The listing is to be reproduced exactly, excluding its pictures.

● **Given data**:
┌──

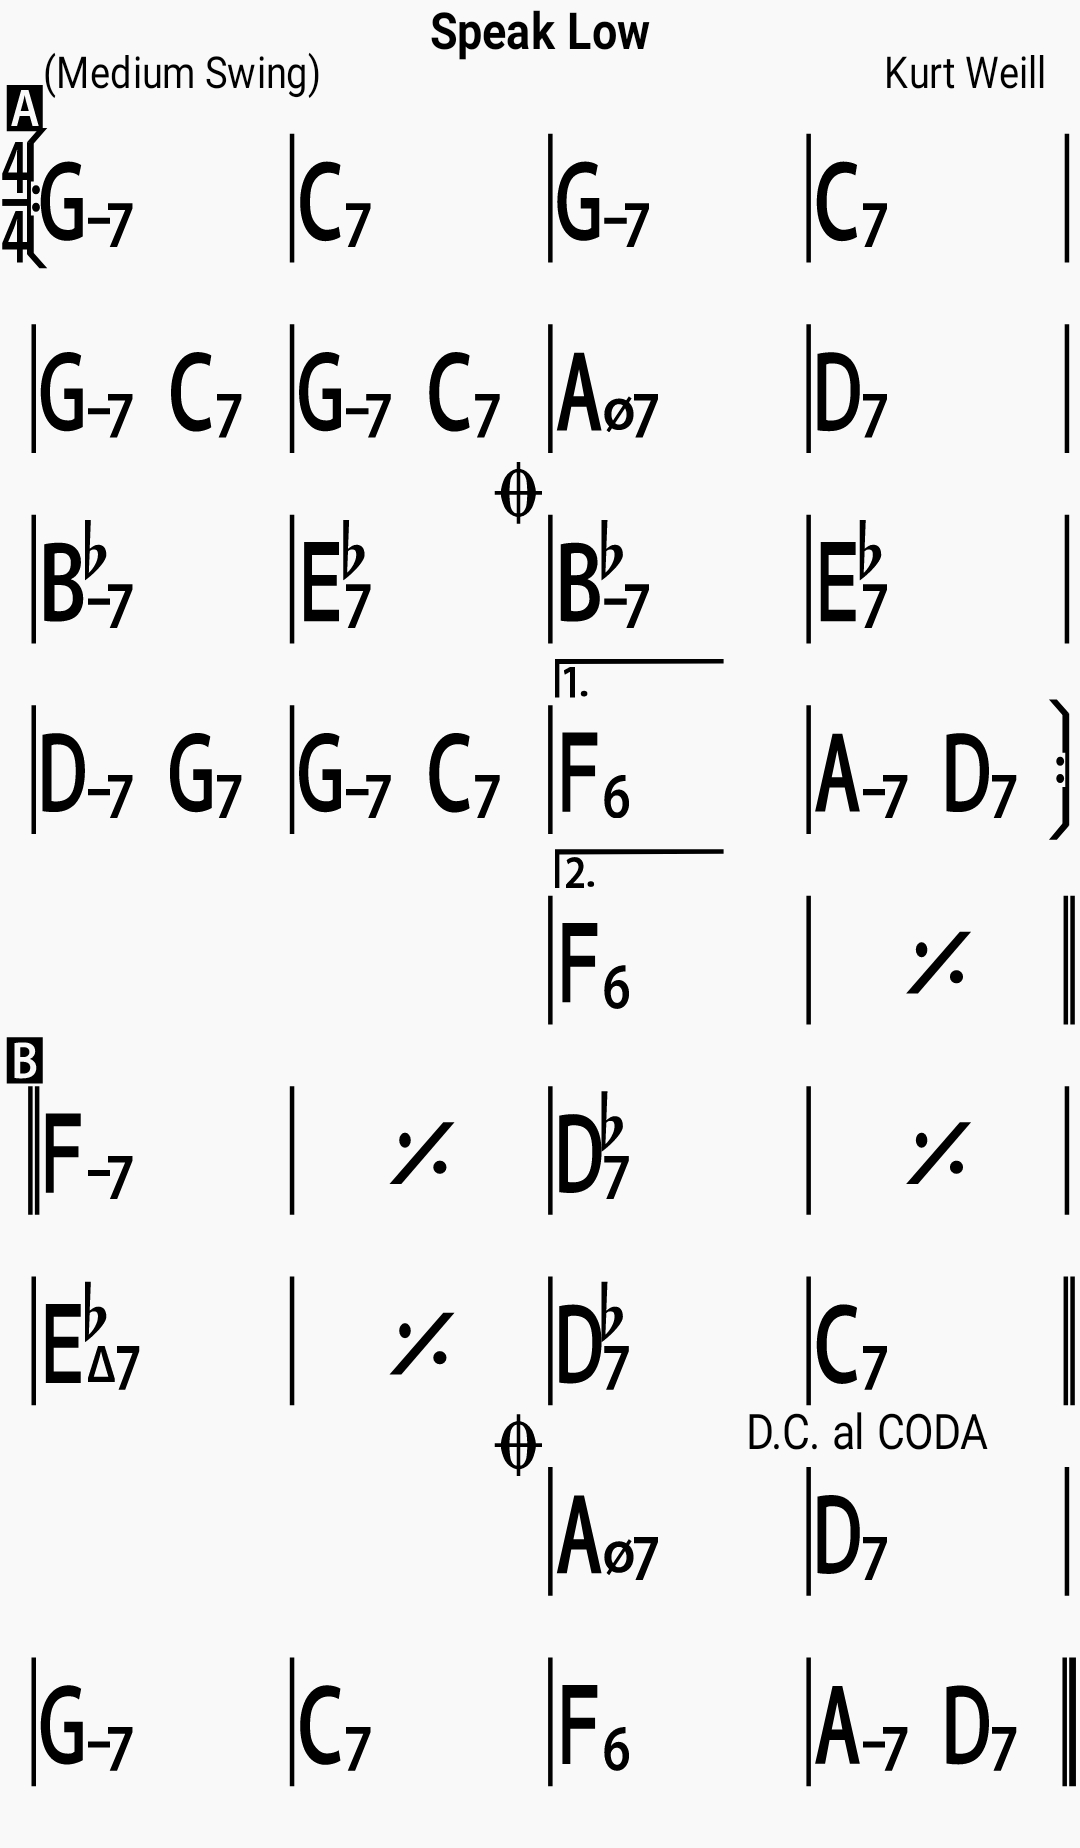 Chord chart for the jazz standard Speak Low
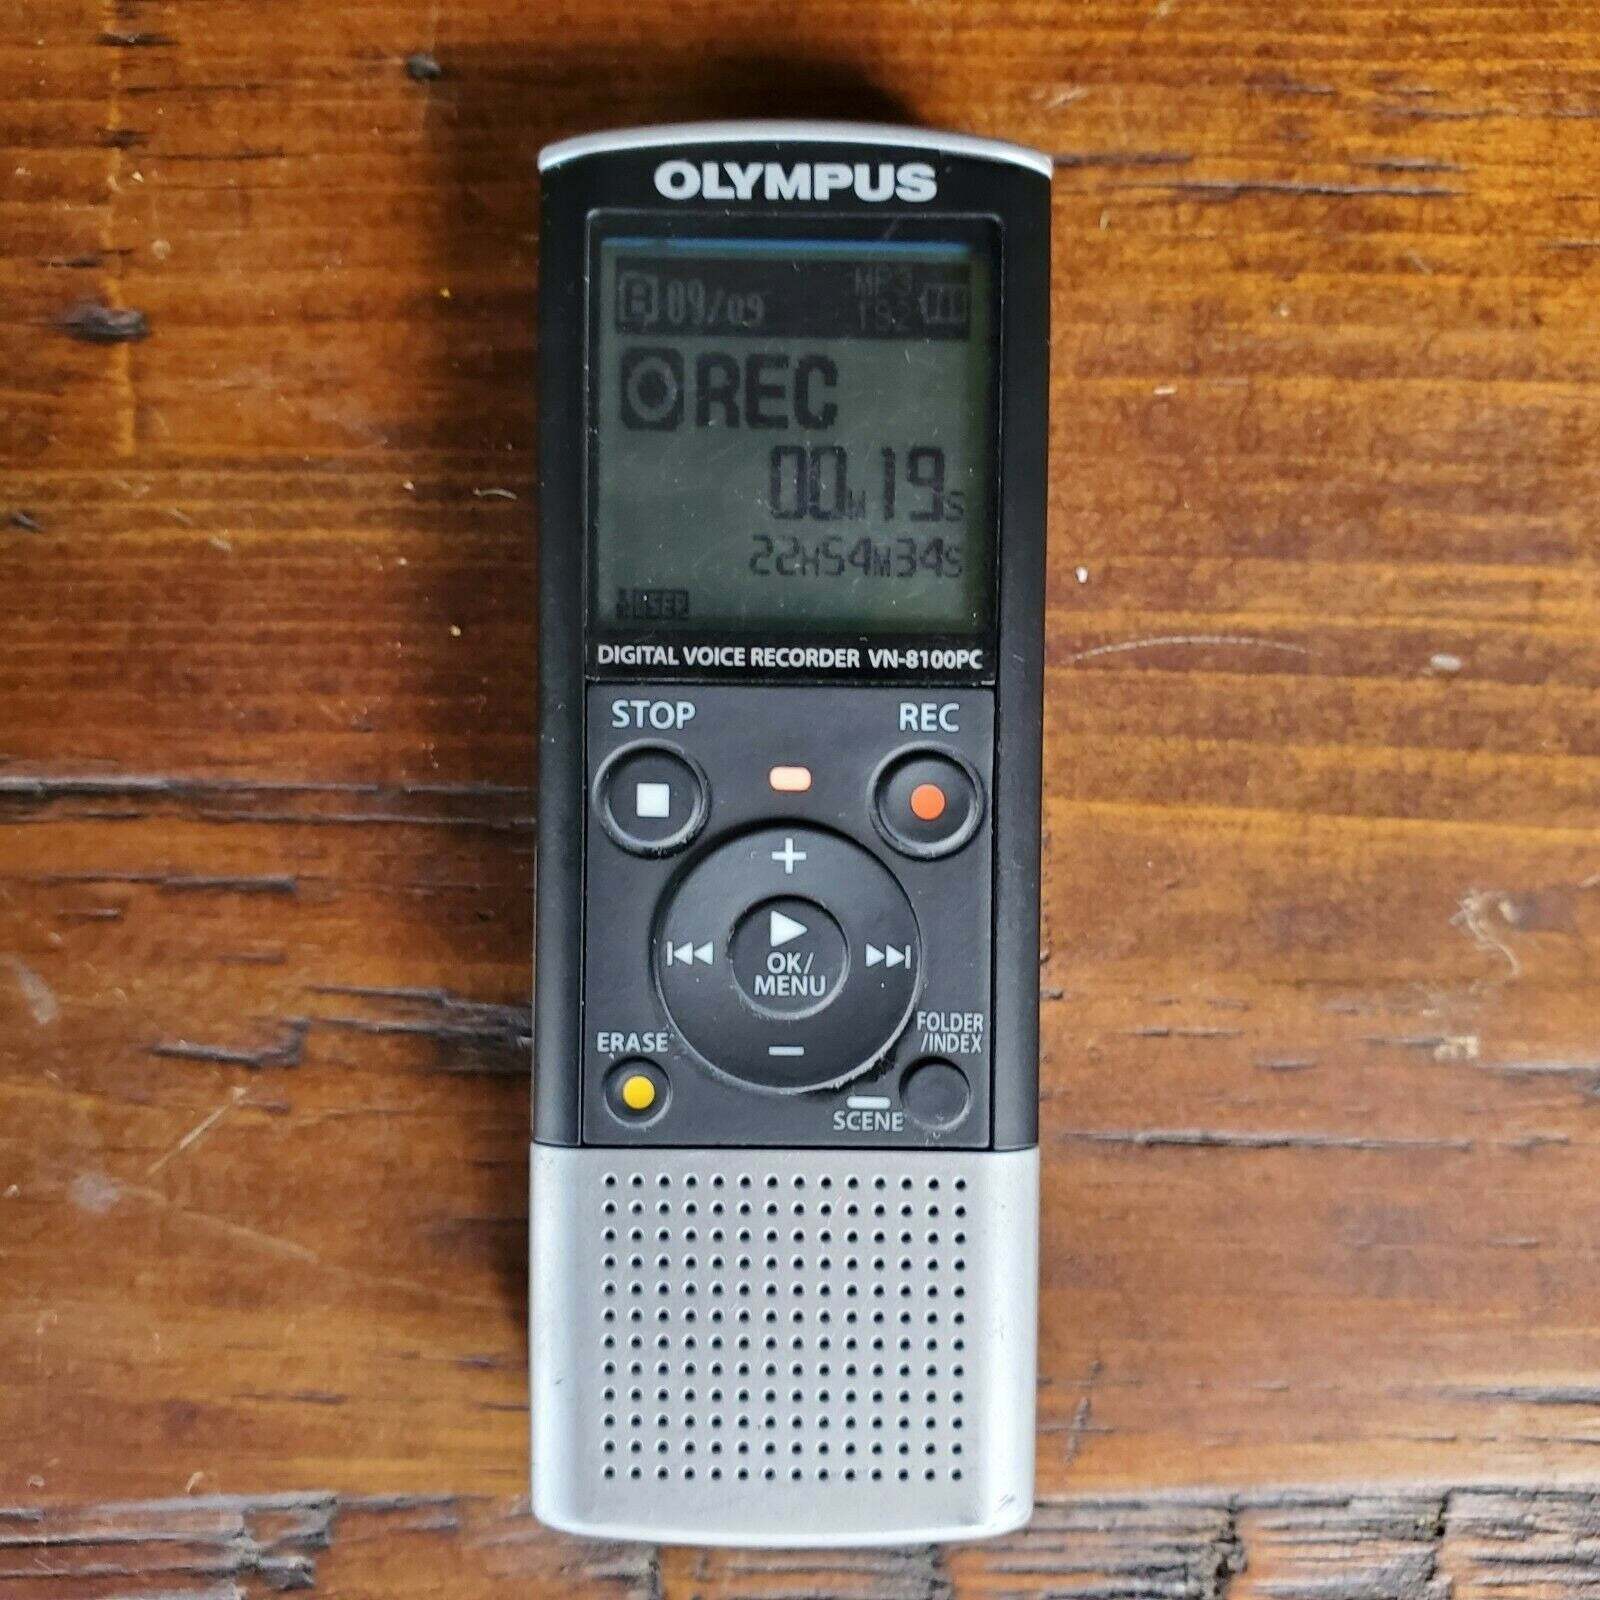 Primary image for Olympus VN-8100PC Handheld Digital Voice Recorder
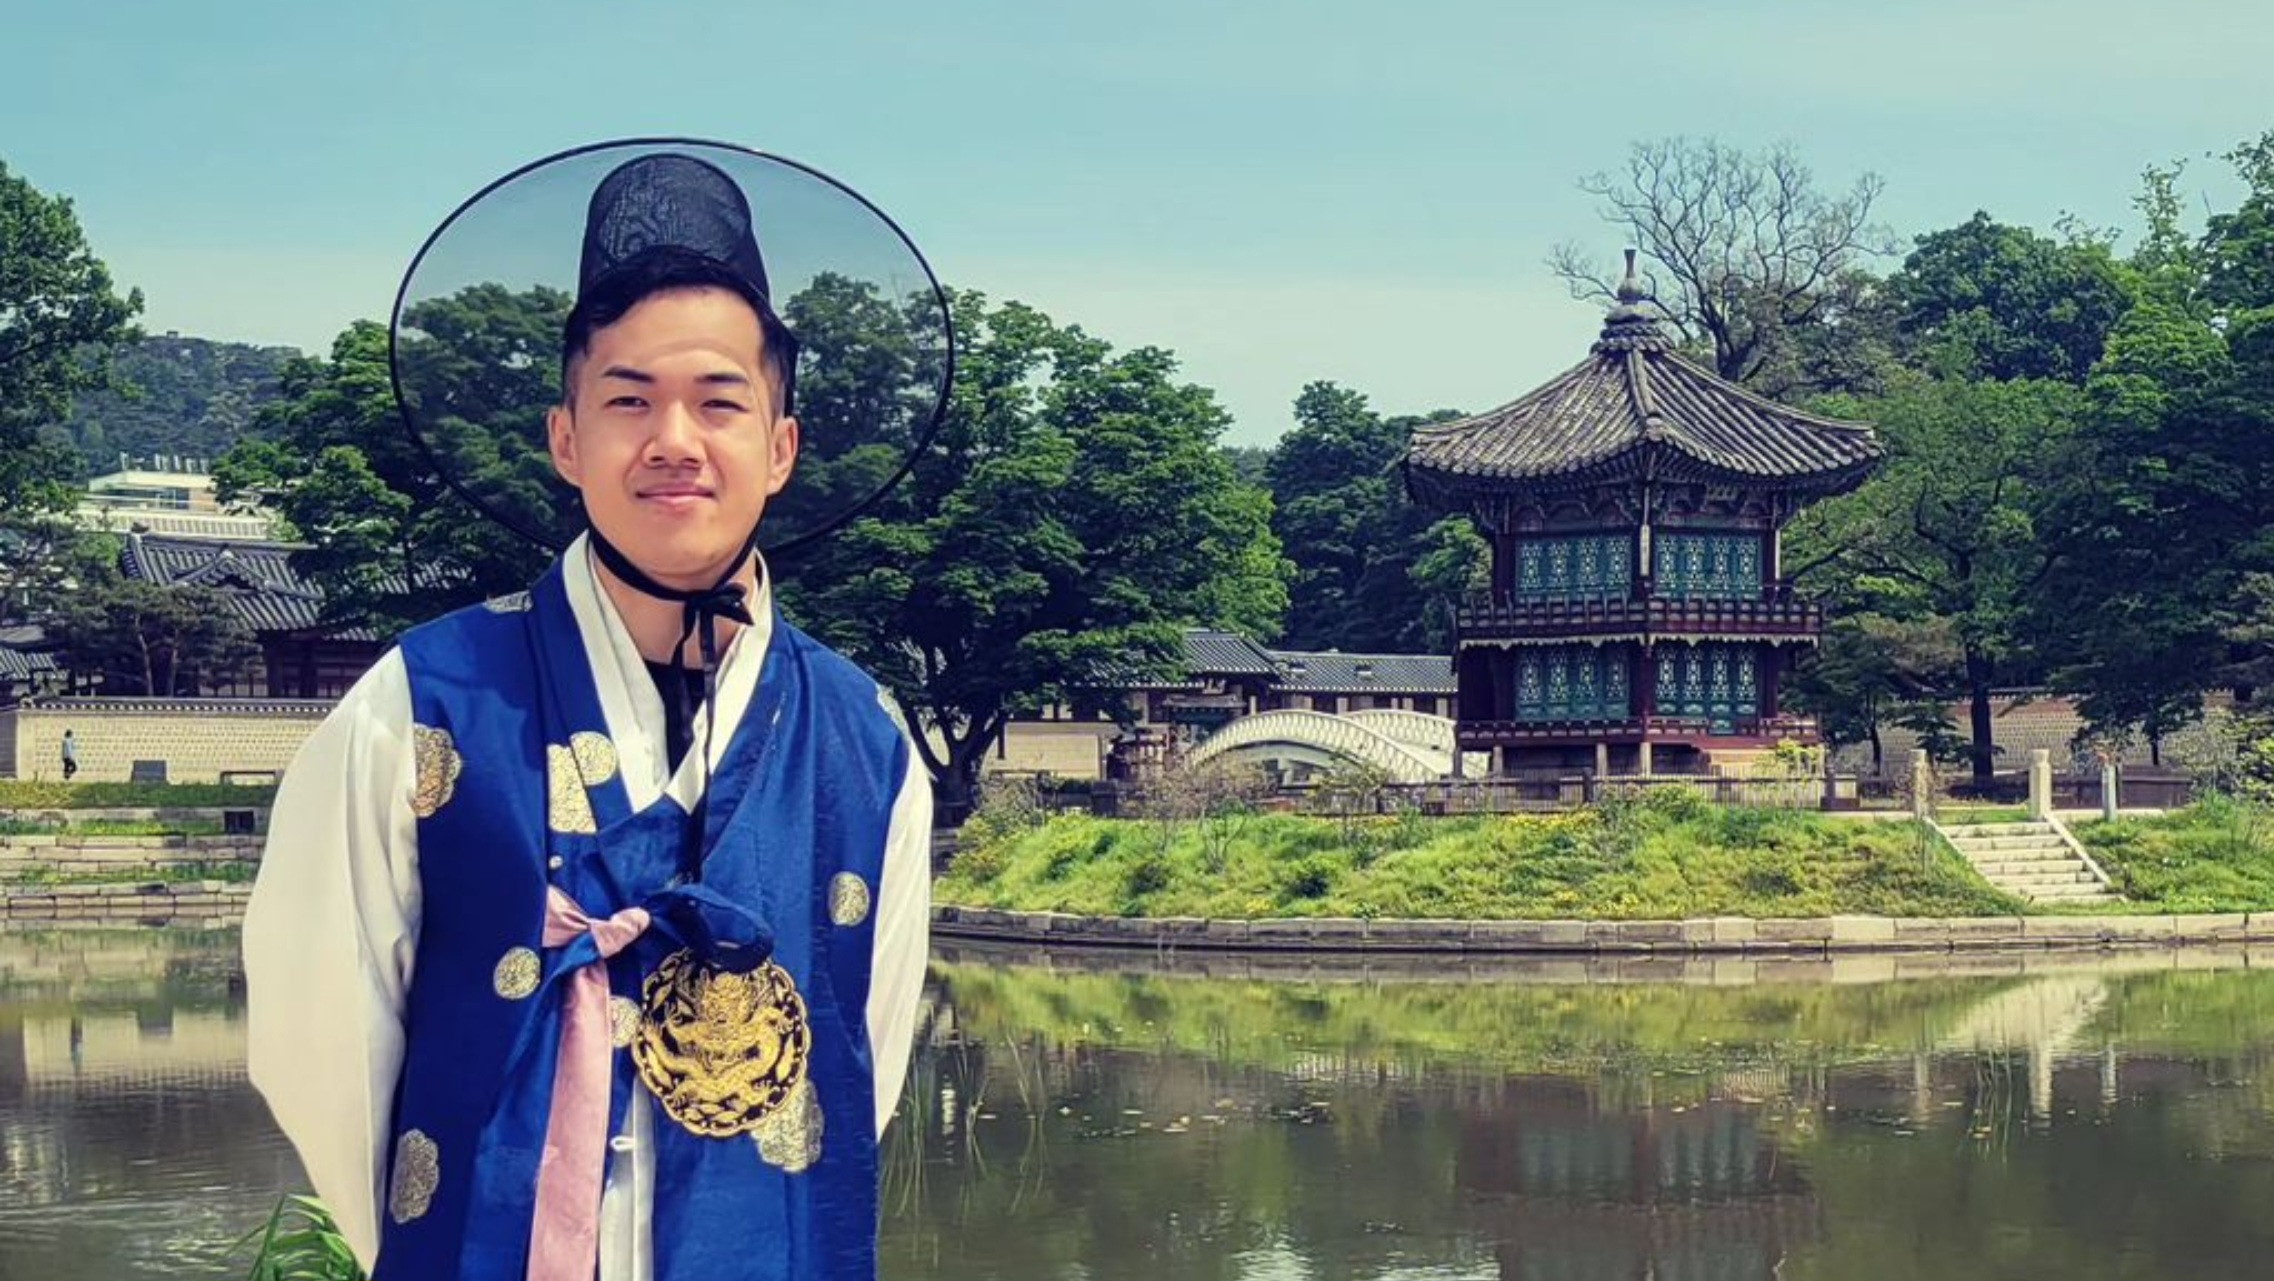 It's me! Dressed in Korean prince attire at Gyeongbokgung Palace

└──

● **Solution to this problem**:
 Chord chart for the jazz standard Speak Low
 Primary image for Olympus VN-8100PC Handheld Digital Voice Recorder
 It's me! Dressed in Korean prince attire at Gyeongbokgung Palace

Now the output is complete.